O Centro de Estudos de Medicina Baseada na Evidência (CEMBE) da Faculdade de Medicina da Universidade de Lisboa (UL) e o Centro de Estudos Avançados da Faculdade de Ciências Económicas e Empresariais da Universidade Católica Portuguesa (FEUCP) apresentaram, com o apoio da Gilead e no âmbito das comemorações do Dia Mundial de Luta Contra a SIDA, um estudo que teve como objetivo avaliar o impacto do envelhecimento nas pessoas infetadas por VIH nos próximos 20 anos, realizando uma caracterização epidemiológica e estimativa dos impactos do envelhecimento nos níveis de saúde e na morbilidade e mortalidade desta população propondo iniciativas para uma melhor gestão da doença.
António Vaz Carneiro, coordenador e um dos autores do estudo “O Impacto do Envelhecimento nas Pessoas com VIH – Perspetivas Presentes e Desafios Futuros”, explica que “de acordo com as conclusões do estudo, têm-se vindo a registar tendências crescentes na prevalência do VIH entre pessoas com idade igual ou superior a 50 anos: uma realidade confirmada pelos resultados de estudos realizados recentemente que mostram que em todo o mundo, mais de 4.2 milhões de pessoas infetadas pelo VIH (PVIH) têm mais de 50 anos de idade, e 26% do total terá mais de 70 anos”.
“Em Portugal, estimativas da evolução da prevalência por grupo etário revelam um cenário preocupante: segundo o modelo que utilizámos, a proporção de PVIH com 50 e mais anos de idade aumentará dramaticamente ao longo dos próximos anos de 39% em 2015, para cerca de 80% em 2037. Ao contrário do que acontecia nos primeiros anos da pandemia, a população mais jovem registará dentro de 20 anos uma prevalência reduzida, com o grupo de indivíduos até 29 anos a representarem apenas 2% do número total e o dos da faixa etária entre os 30 e os 49 anos de idade, 18%”, conclui.
VIH: de doença fatal a doença crónica
Com a disponibilização de novos e mais eficazes medicamentos antirretrovíricos, a infeção por VIH deixou de ser uma condição fatal para passar a ser uma doença crónica, permitindo aos doentes uma esperança média de vida praticamente equiparada à da população em geral. A taxa de mortalidade das PVIH diminuiu drasticamente nos últimos anos, particularmente nos países desenvolvidos.

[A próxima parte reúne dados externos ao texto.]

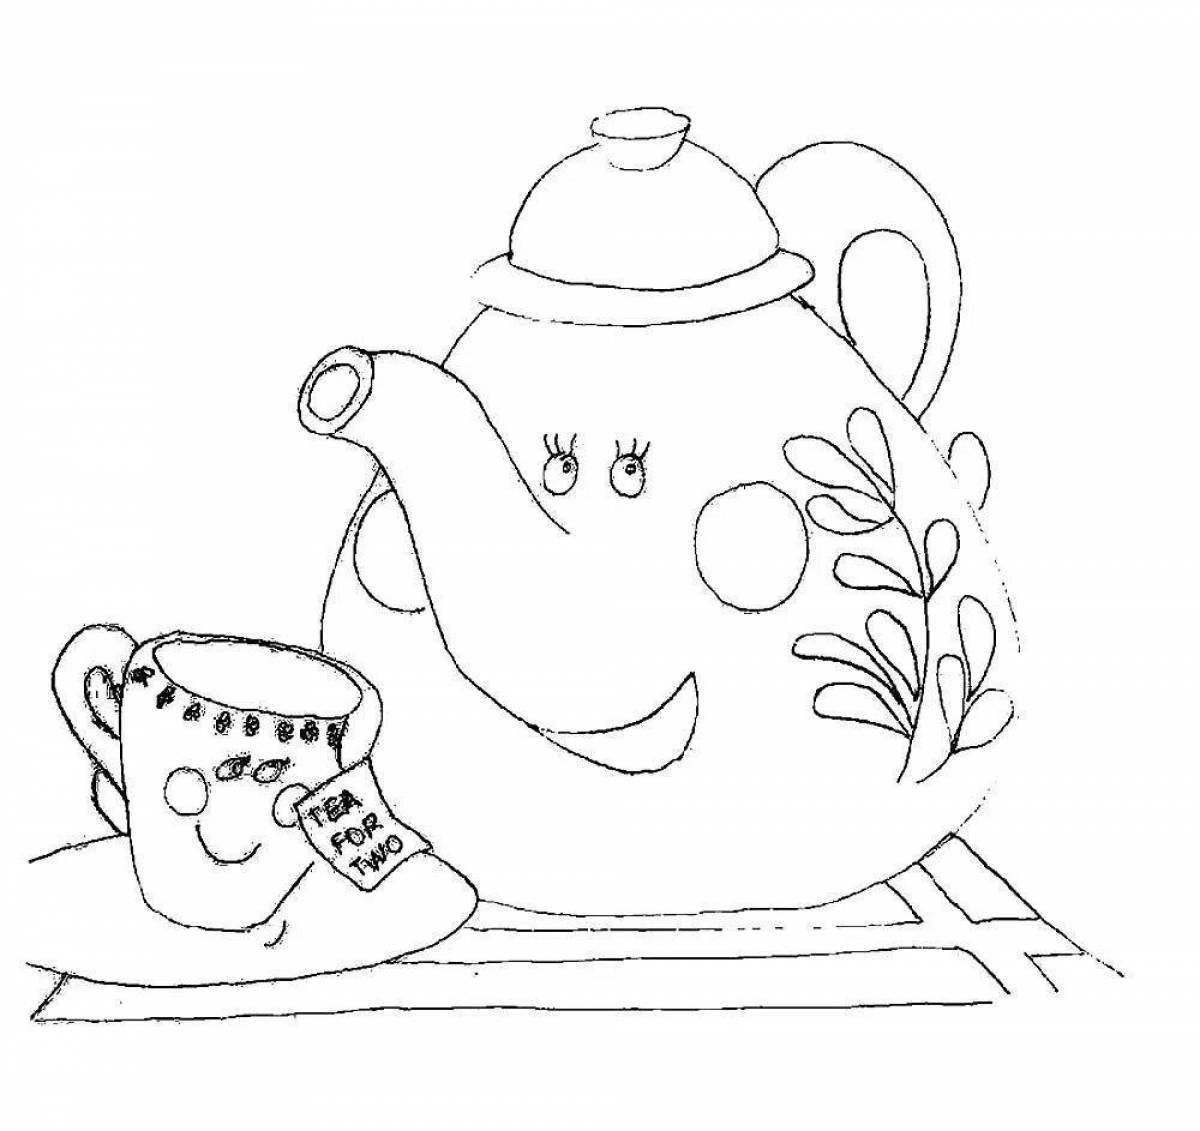 Great teapot and cup coloring book

A par com o aumento da esperança de vida das PVIH, aumentam também as comorbilidades presentes na população em geral, só que em formas mais agravadas. “Envelhecem como o resto da população, desenvolvendo as mesmas comorbilidades que marcam a nossa população idosa, com uma agravante: não só surgem mais cedo como há um aumento significativo do risco dessas comorbilidades relacionadas com a idade nas PVIH, incluindo doença cardiovascular, doença neurocognitiva grave, doença renal crónica, doença hepática crónica e fraturas osteoporóticas”, aponta Vaz Carneiro.

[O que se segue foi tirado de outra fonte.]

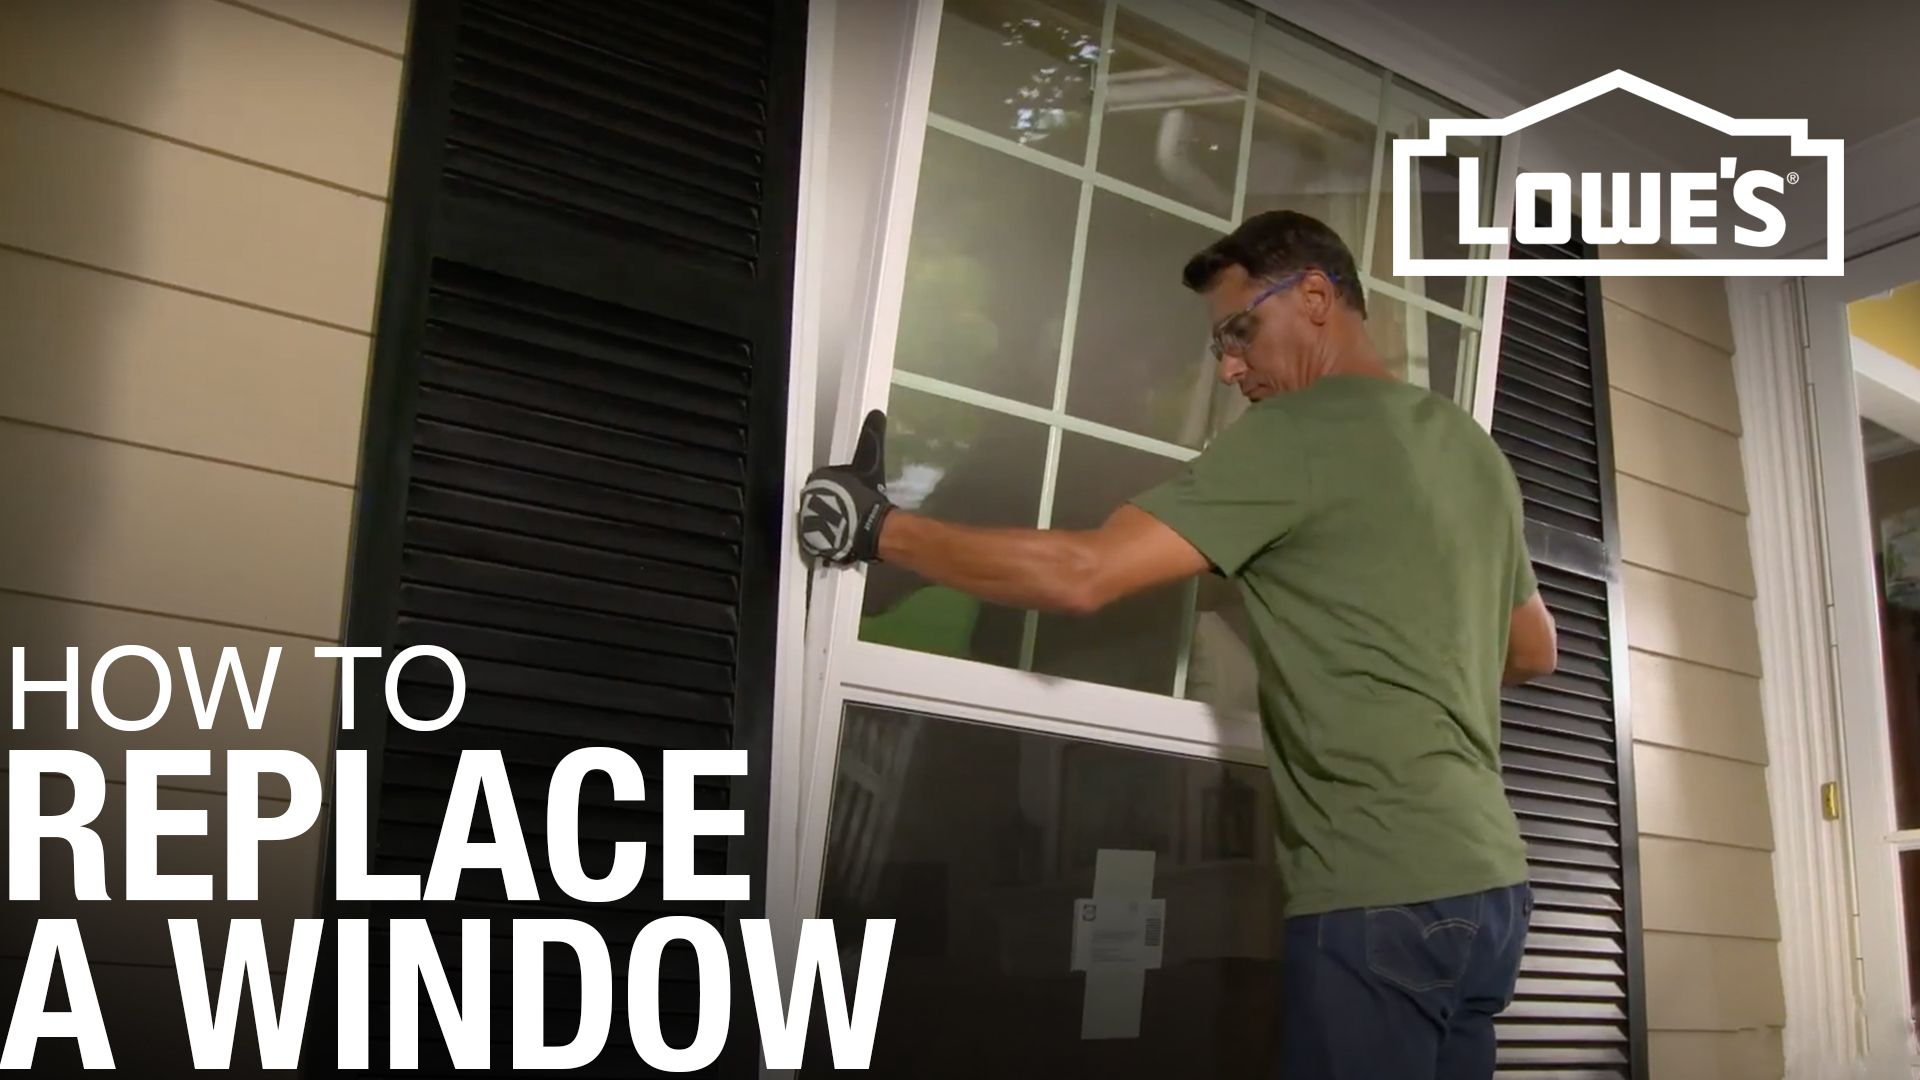 How to Install Replacement Windows   Lowe's

Em alguns casos, as estimativas situam-se muito acima daquilo que poderia colher razoabilidade clínica. É o caso da osteoporose, cuja prevalência nas mulheres com VIH era, em 2015, de 16.5% e que dentro de 20 anos aumentará mais de 150%, para 40.8%. No mesmo patamar estão os acidentes cerebrovasculares, que aumentarão, nos homens de 80 para 222 eventos/ano em duas décadas e nas mulheres, de 25 para 61 eventos/ano, o que corresponde a um crescimento da sua incidência superior a 160%.
O envelhecimento das PVIH também acarreta riscos acrescidos no que respeita às doenças oncológicas. De acordo com os estudos analisados, o número de novos casos de carcinoma anal em PVIH irá aumentar entre 2015 e 2037 de 6 para 15 casos/ano nos homens e de 3 para 8 casos/ano nas mulheres, que corresponde a uma taxa de crescimento em número absoluto de casos nos próximos 20 anos de cerca de 250%.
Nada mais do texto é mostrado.